▸ EXERCISE INPUTS

○ ○ ○ ○ ○ ○ ○

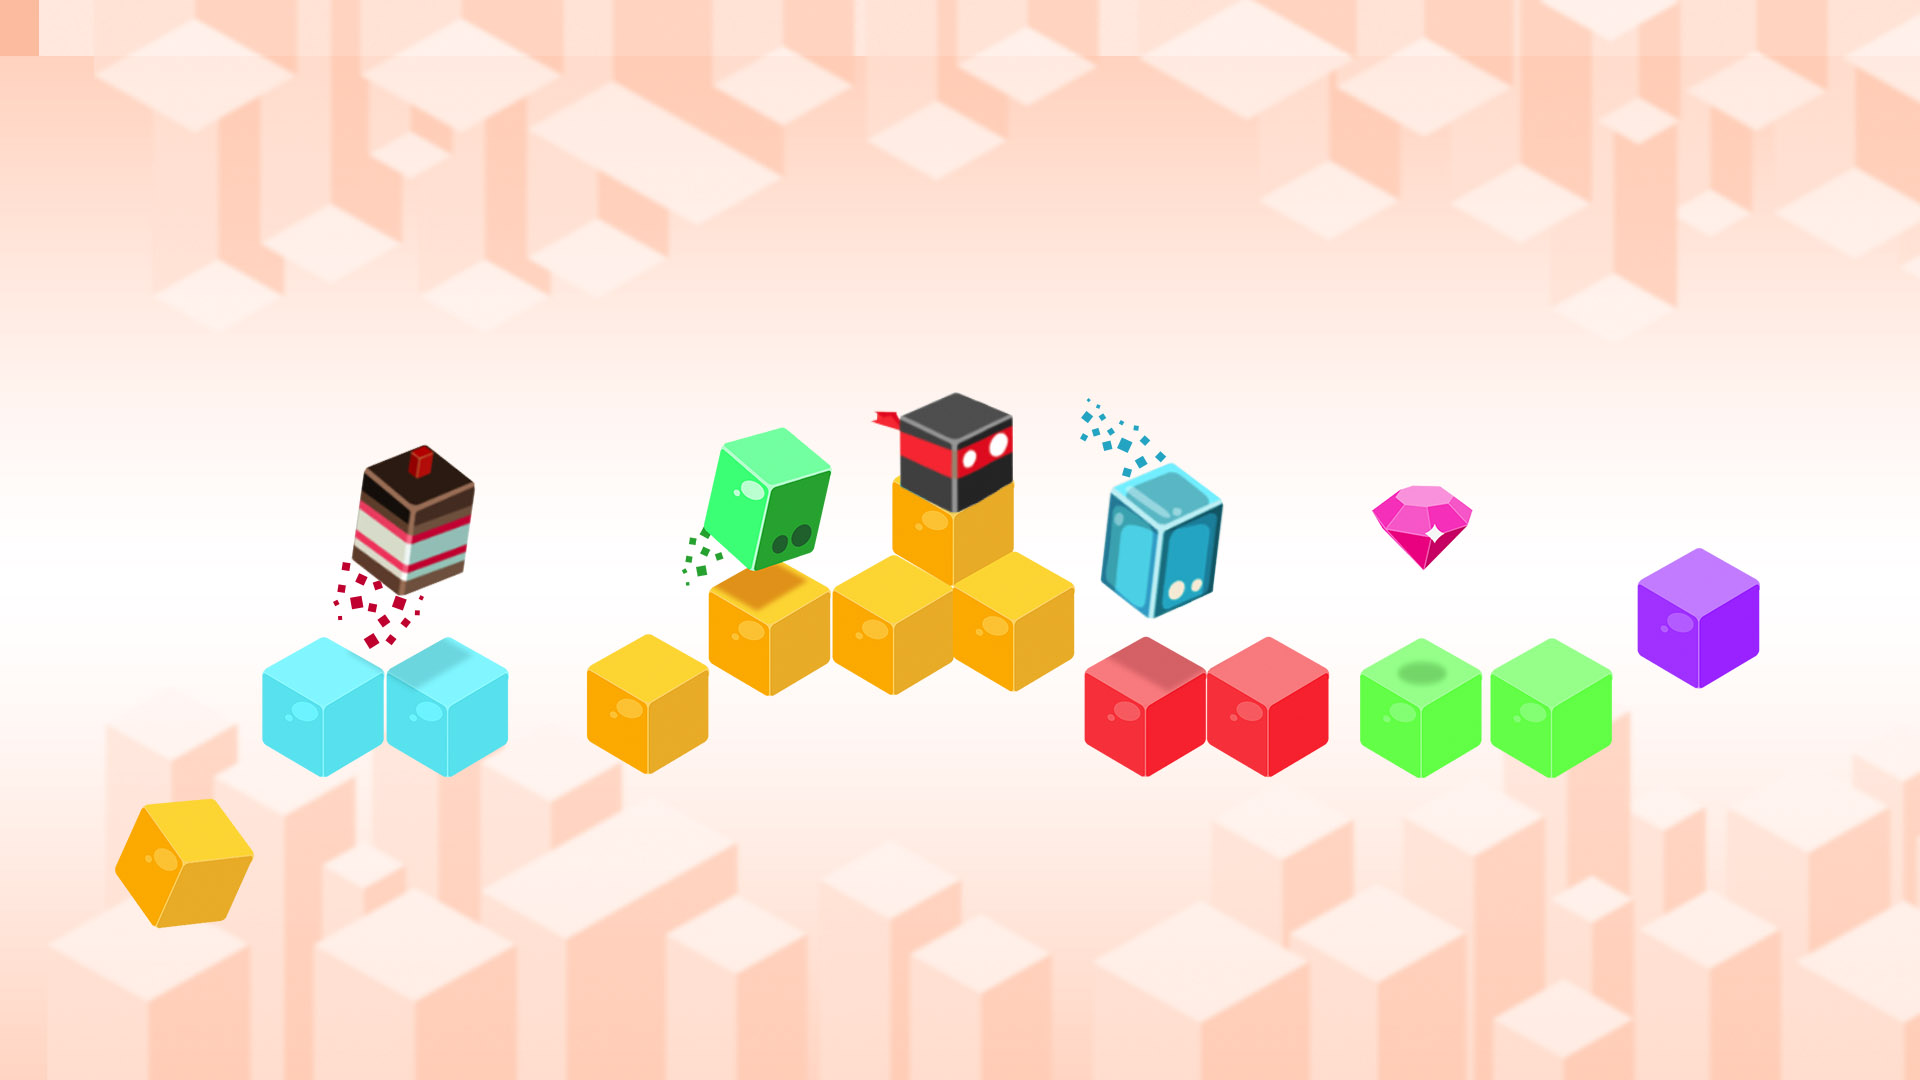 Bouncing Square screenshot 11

○ ○ ○ ○ ○ ○ ○

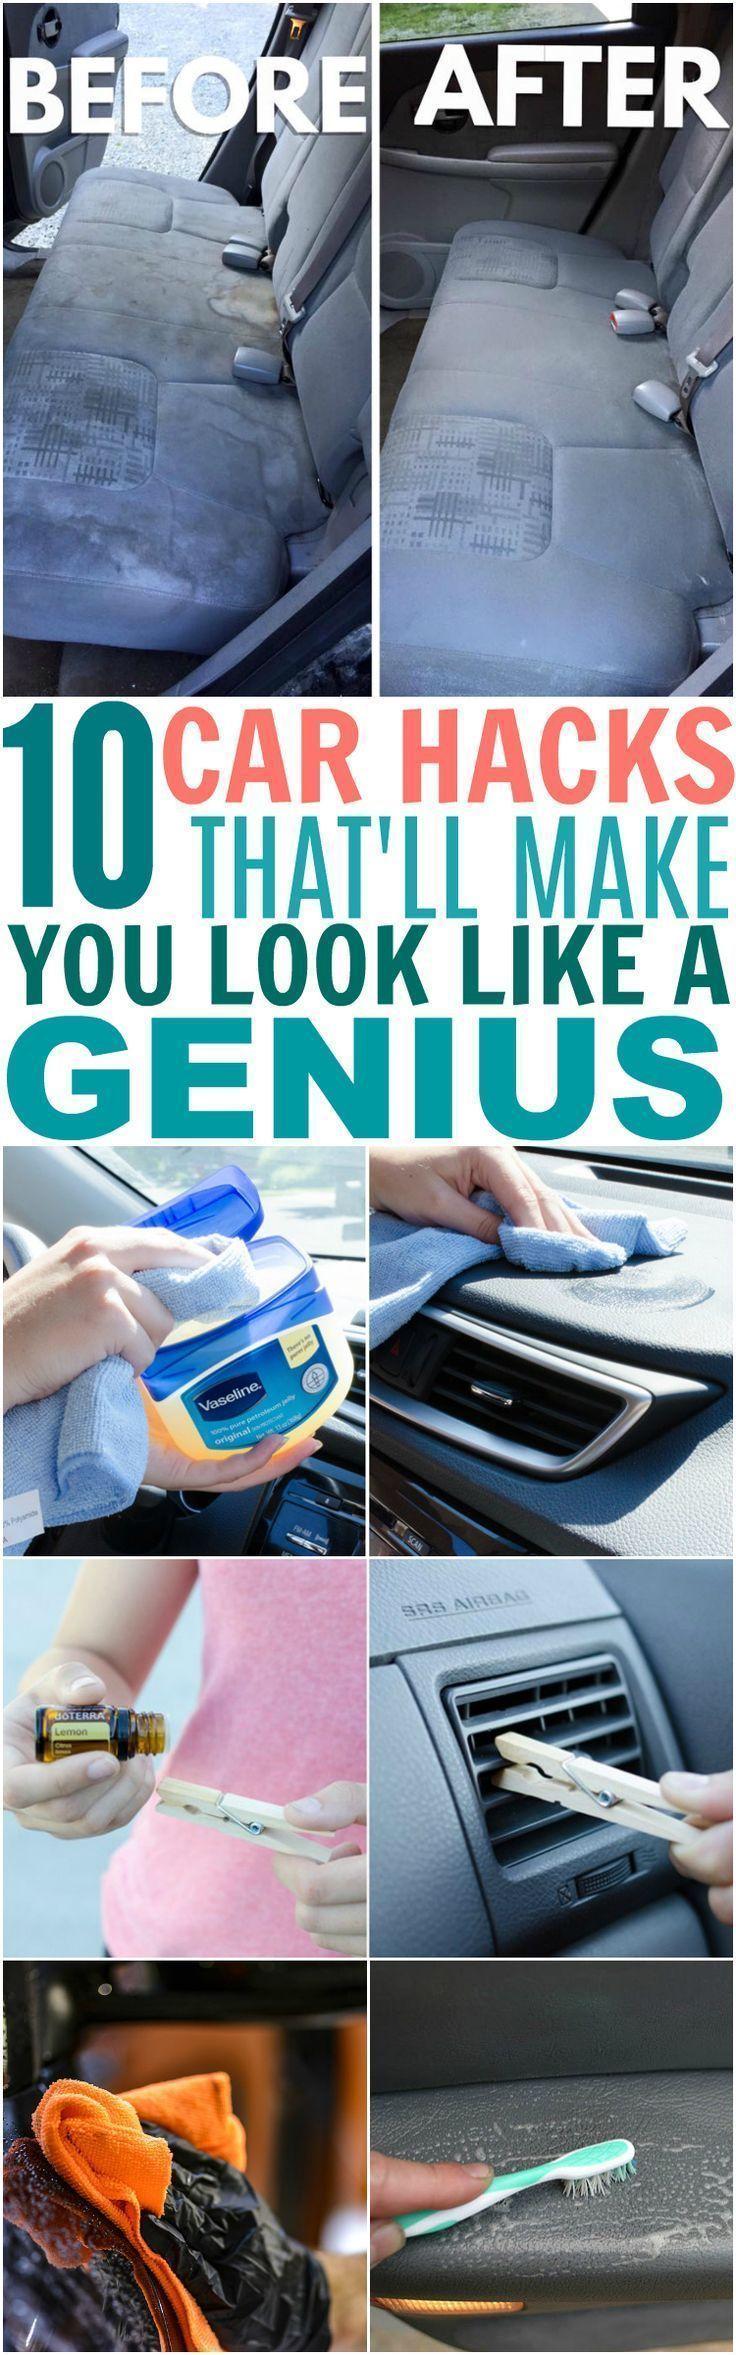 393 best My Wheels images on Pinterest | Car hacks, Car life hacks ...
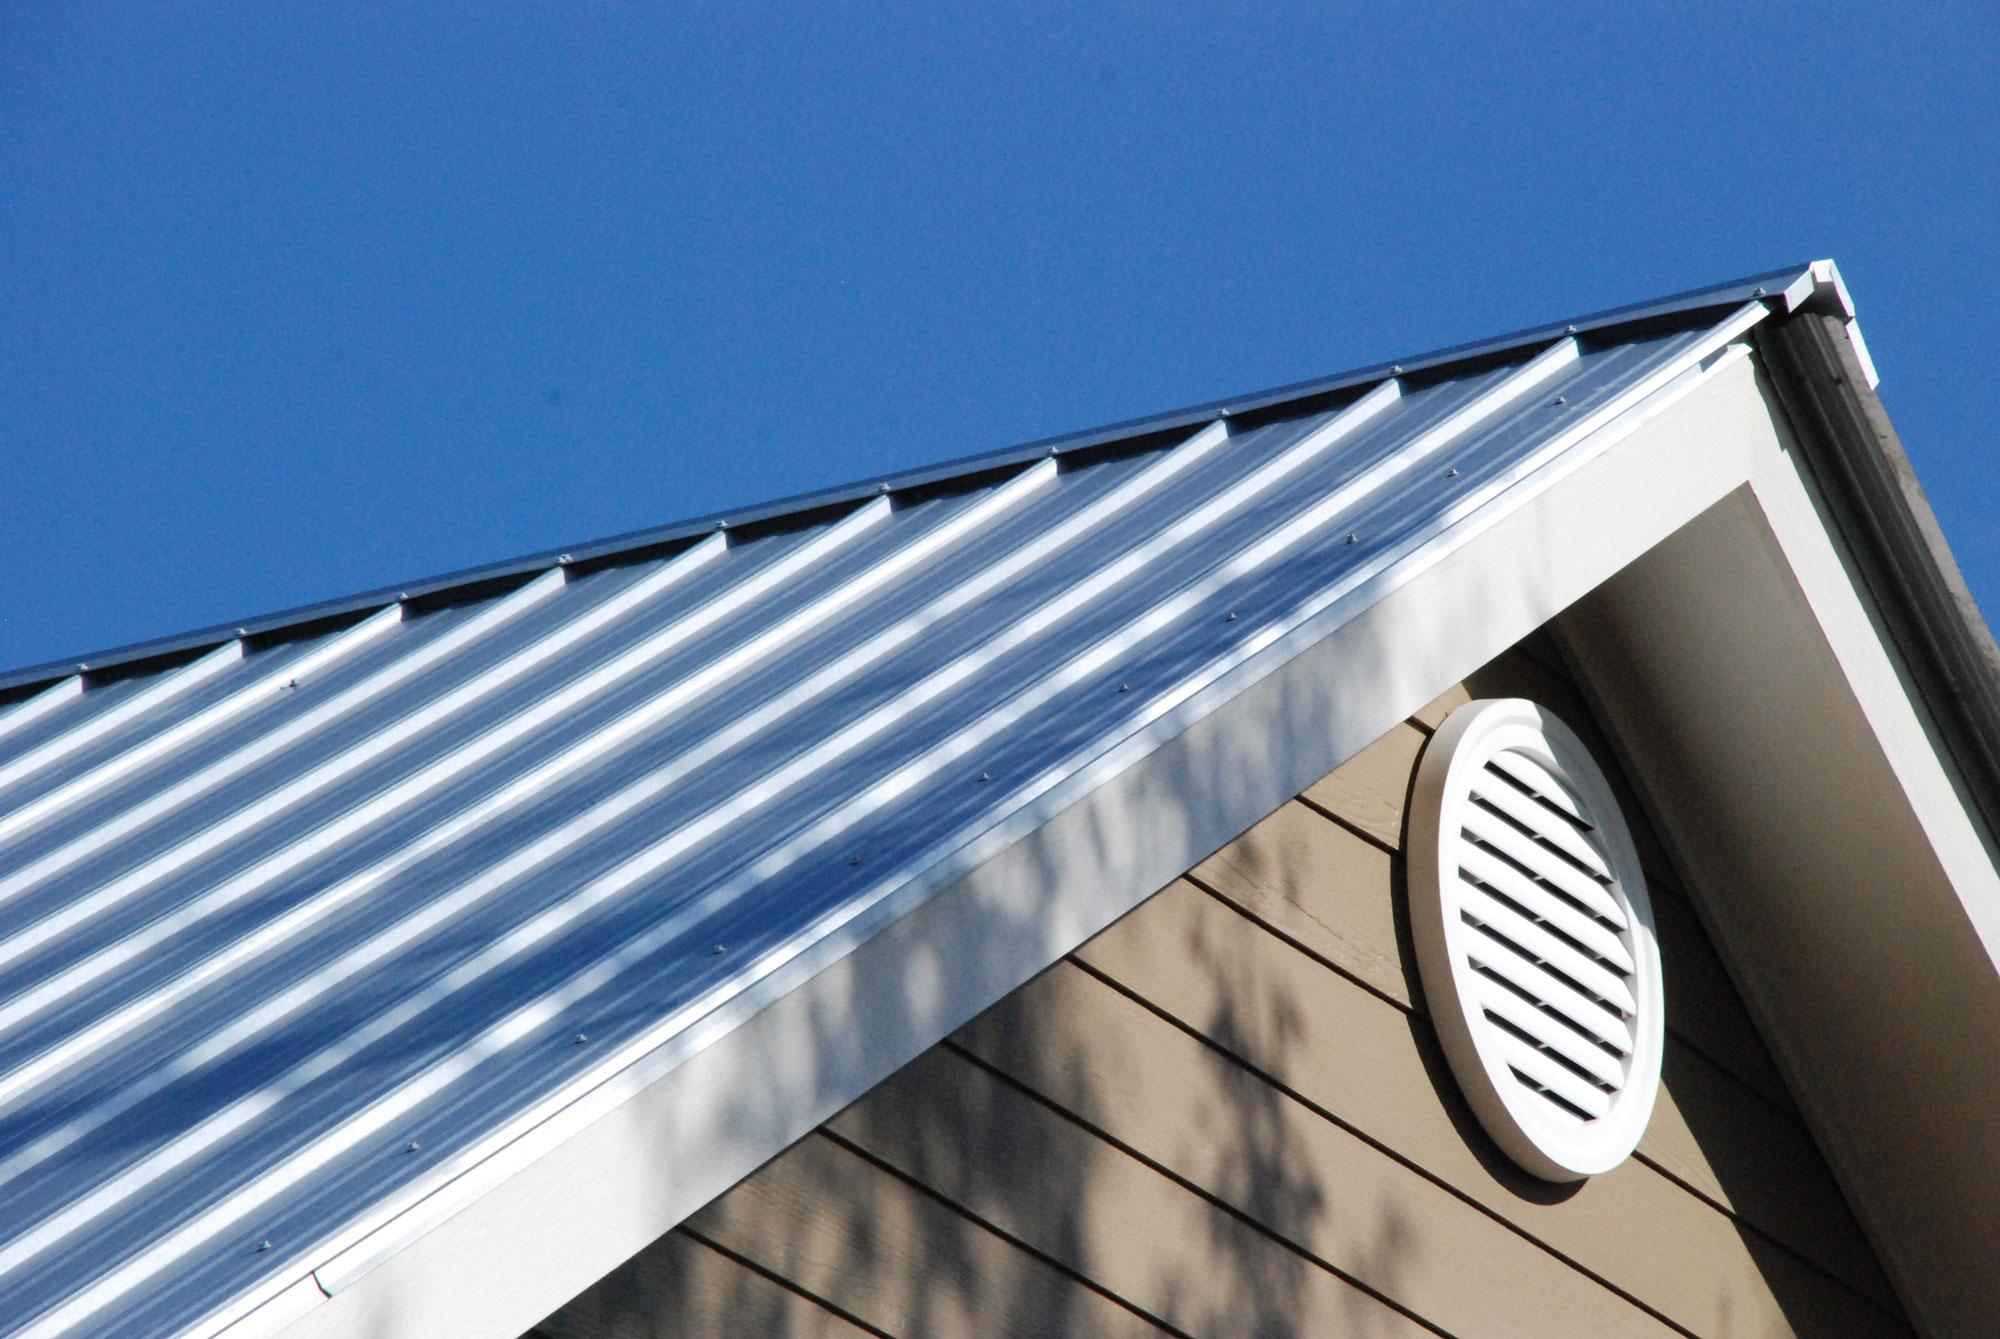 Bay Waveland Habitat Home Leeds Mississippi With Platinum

○ ○ ○ ○ ○ ○ ○

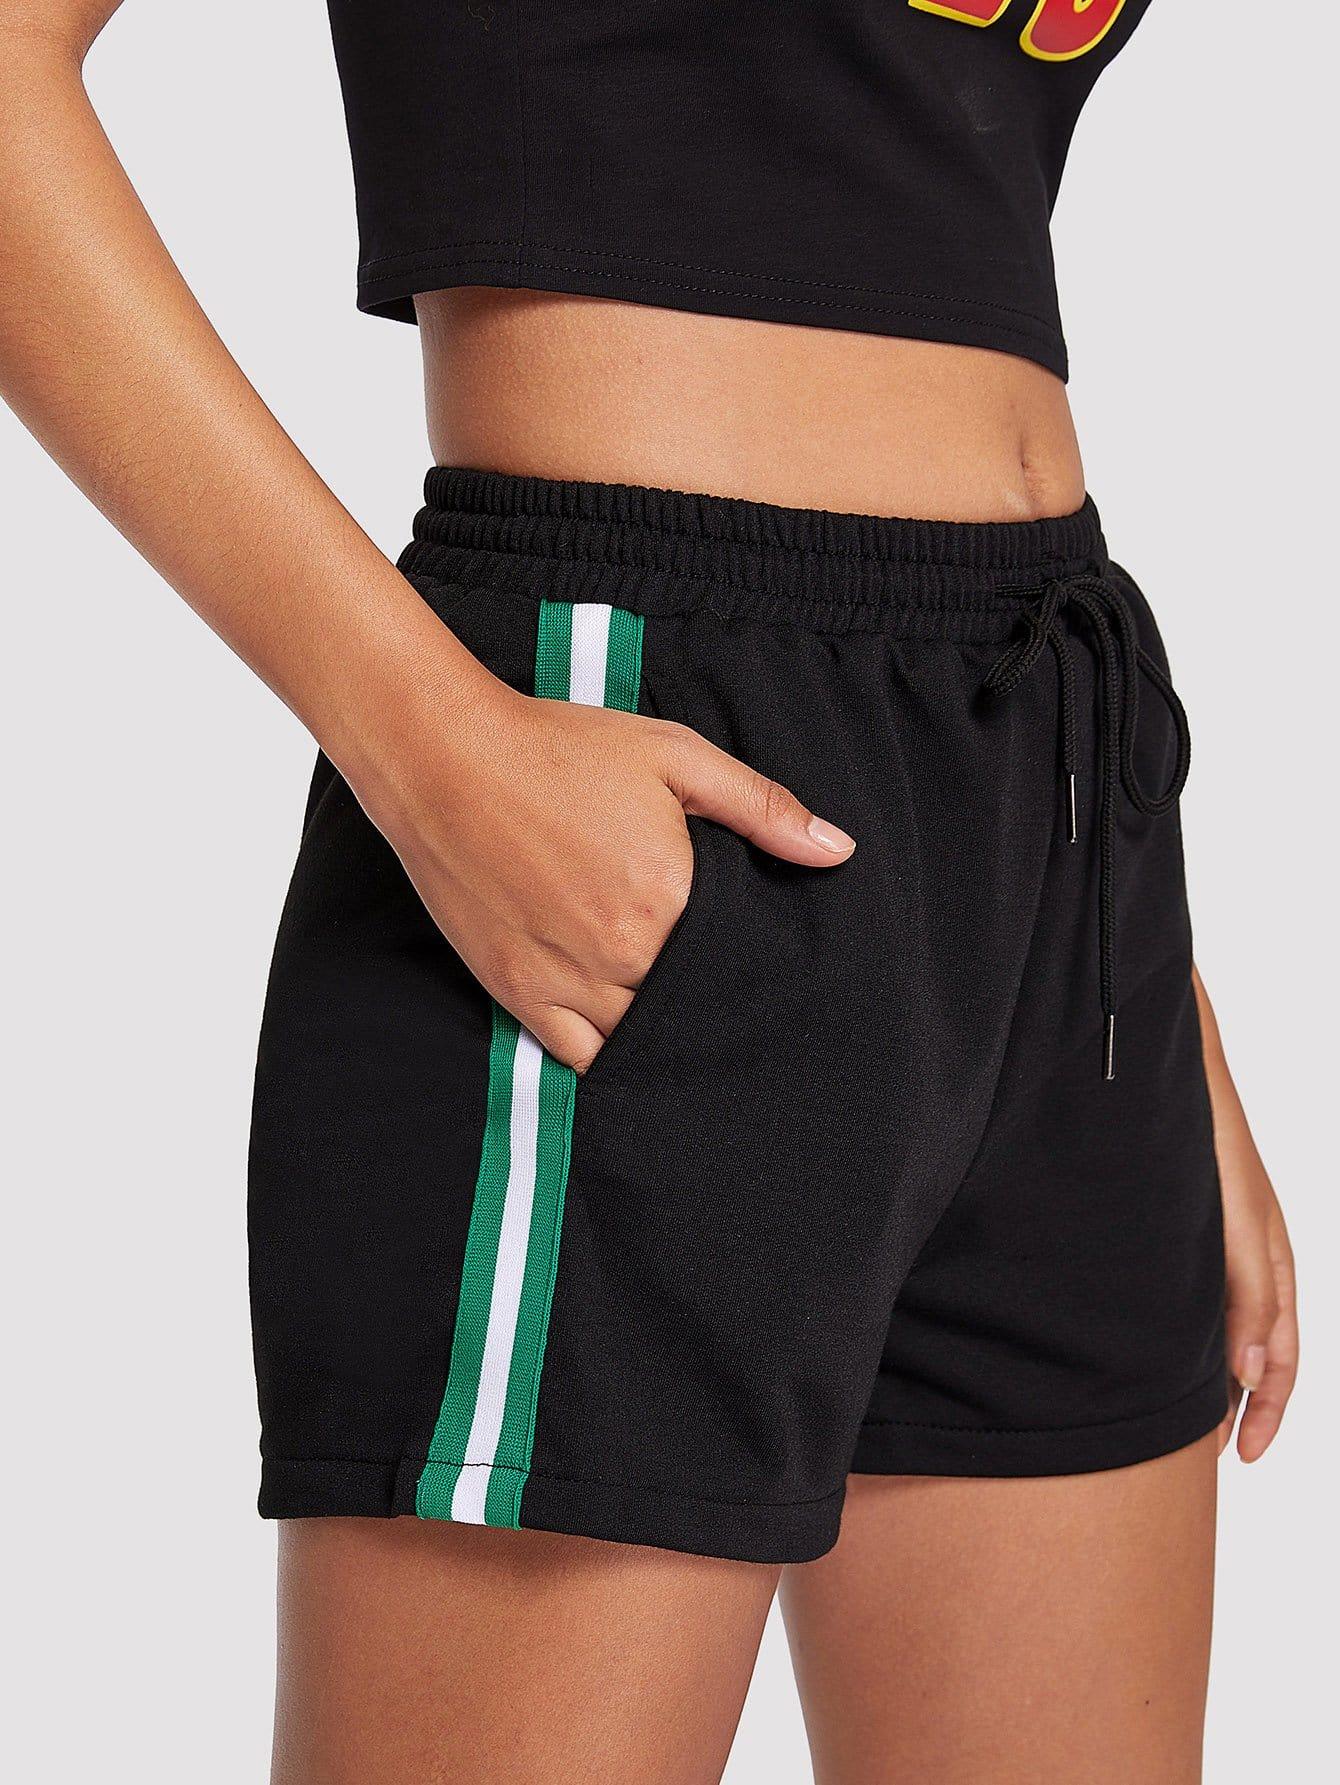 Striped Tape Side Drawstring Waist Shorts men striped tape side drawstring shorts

○ ○ ○ ○ ○ ○ ○

▸ WORK ITEM
Look above for the line with "393 best My" and the line with "Bay Waveland Habitat", then copy exactly the lines from the first through the second, both kept, with no pictures.

▸ FINISHED TASK
 393 best My Wheels images on Pinterest | Car hacks, Car life hacks ...
 Bay Waveland Habitat Home Leeds Mississippi With Platinum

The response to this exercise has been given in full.